16:20。伊那市の手前の高遠という集落でかなり立派なスーパーを発見。ラッキー♪
M氏と塩犬、各自好き勝手に夕食と朝食の買出しを行う。
買い物を終えたら近くのスタンドでガソリンも満タン。これで万全。
17:00。いよいよ宿泊地の特定開始!
のんびり構えてるようだが、これまで走りながら候補地は何箇所か見つけてある。
どこもダメだったら、入笠山のキャンプ場(1人400円)もあるので気分的には楽だ。

このダム湖の湖畔も候補だったのですが

このダム湖の湖畔も候補だったのですが

この看板見て諦めました

この看板見て諦めました

結局、黒河内林道の脇を流れる小黒川の川原を野宿地に決定。

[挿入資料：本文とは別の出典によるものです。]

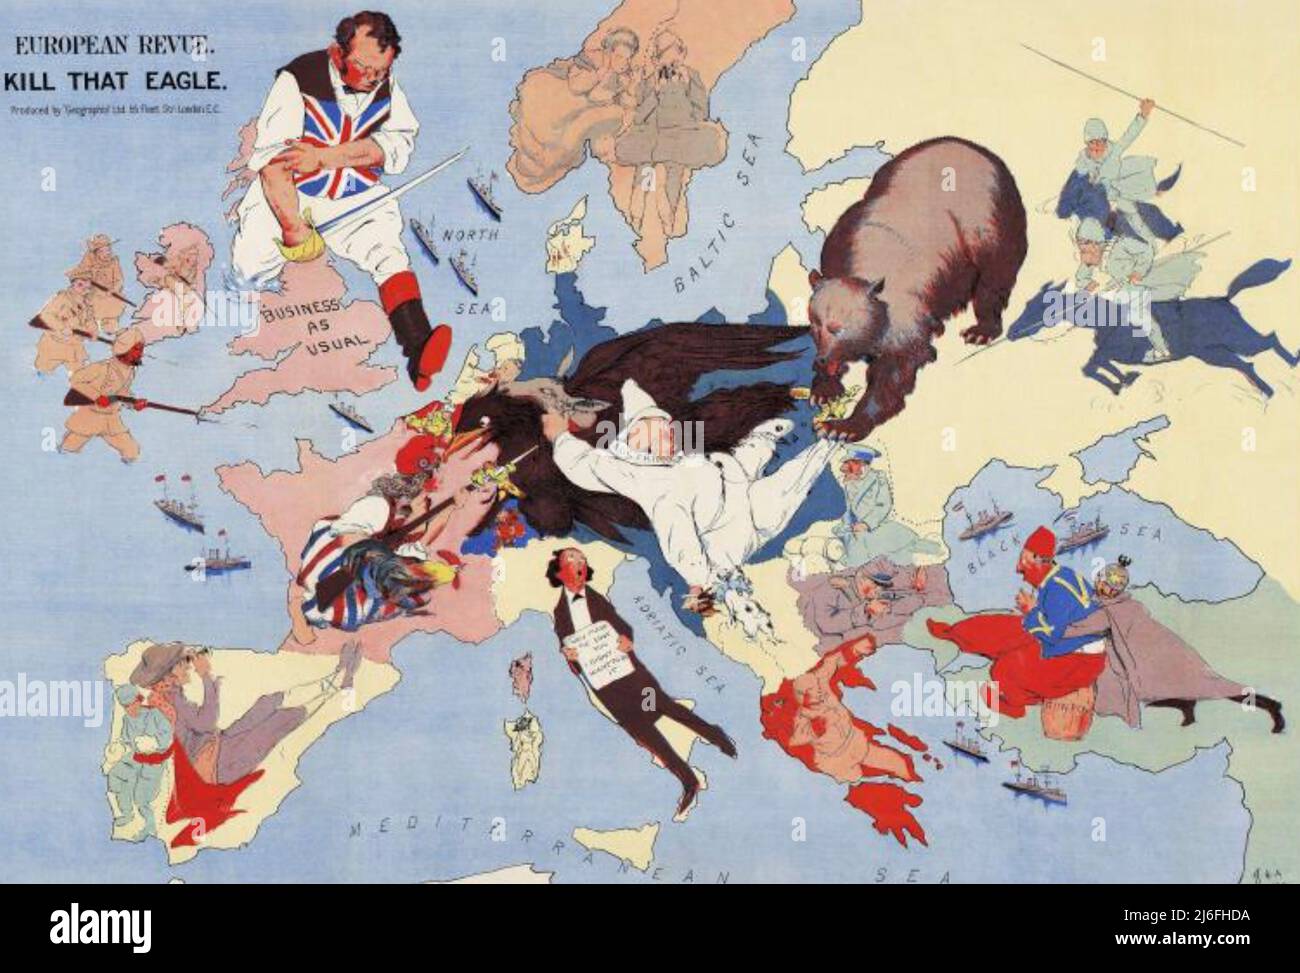 UCCIDI CHE EAGLE Un fumetto satirico dalla rivista europea Revue nel 1914 Foto Stock
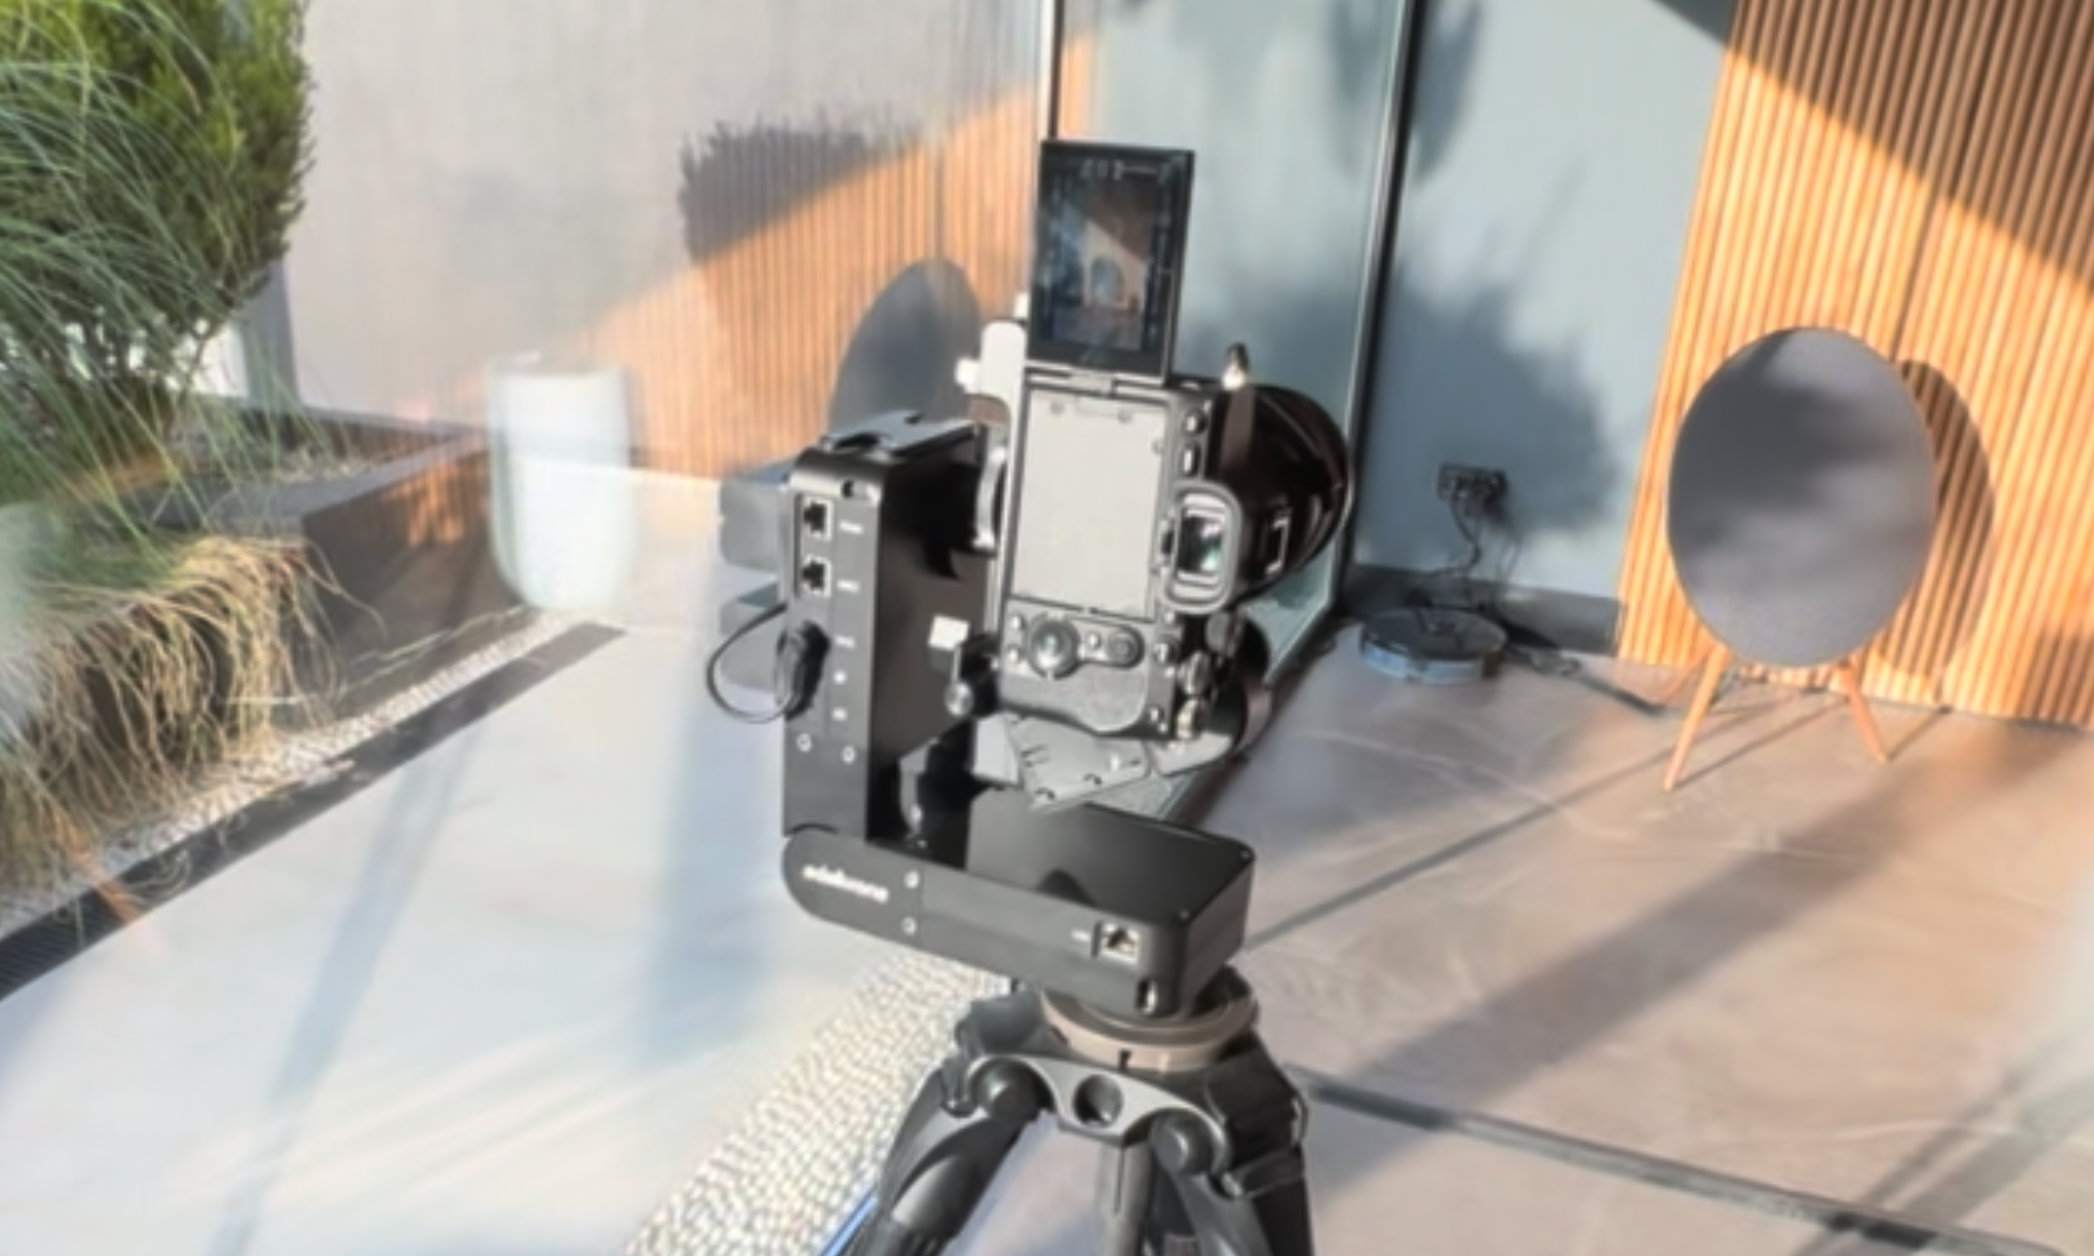 Shooting vertical videos with HeadPLUS

17:30。
天気予報は晴れだし、上流にダムが無いことも確認済み。
バイクを止め、荷物を降ろし、テントを張って一安心。
M氏の買ってきたサワーで乾杯。
ほろ酔い気分で日没までのわずかな時間、二人で夕まずめの渓流釣りを楽しんだ。
釣れた魚はもちろん夕食に…
…なるはずだったが、釣果・なし。食料を買っておいて本当によかった。
車でも入りやすい川原だから、あらされてるのだろう。中州に 浮き輪まで落ちてる。
日も暮れた。さあ、宴会!
と言っても瓶の梅酒を一杯ずつ。二人とも大人だから、完全に酔っ払うほどは飲まないのだ。
地元産キノコの塩バター炒めやら、インゲン入りさつま揚げやら、トマトやら納豆やらをつまみながら、とりとめもない話をする。
M氏の昆虫に関する薀蓄は、こちらが質問するほど次々出てくるので面白い。
実生活では何の役にも立たないトリビアばかりだが…。

それなりに豪勢な宴♪

それなりに豪勢な宴♪

宴の〆はカップラーメン。お湯を沸かして注いで待つだけ。
キノコ炒めの余りを入れて、ズルズル・ハフハフ。
ただのカップメンだがこういうシチュエーションだと実に美味い。
片づけを終え、NGSを済ませて就寝。
山奥の夜。静かだと思い込みがちだが、そうでもない。
遠くの町から聞こえる打ち上げ花火の音。
テントの間近を流れる川のせせらぎ。
時折、林道を通り過ぎる車のエンジン音。
動物が踏んだのか、木立で枝が折れる音。
遥か上空を飛ぶ飛行機。
となりのテントでなにやらガサガサ…。
酒と疲れで確かに眠いのに、いろんな音が気になってなかなか寝付かれない。
キャンプって、たいていこうなのかも…。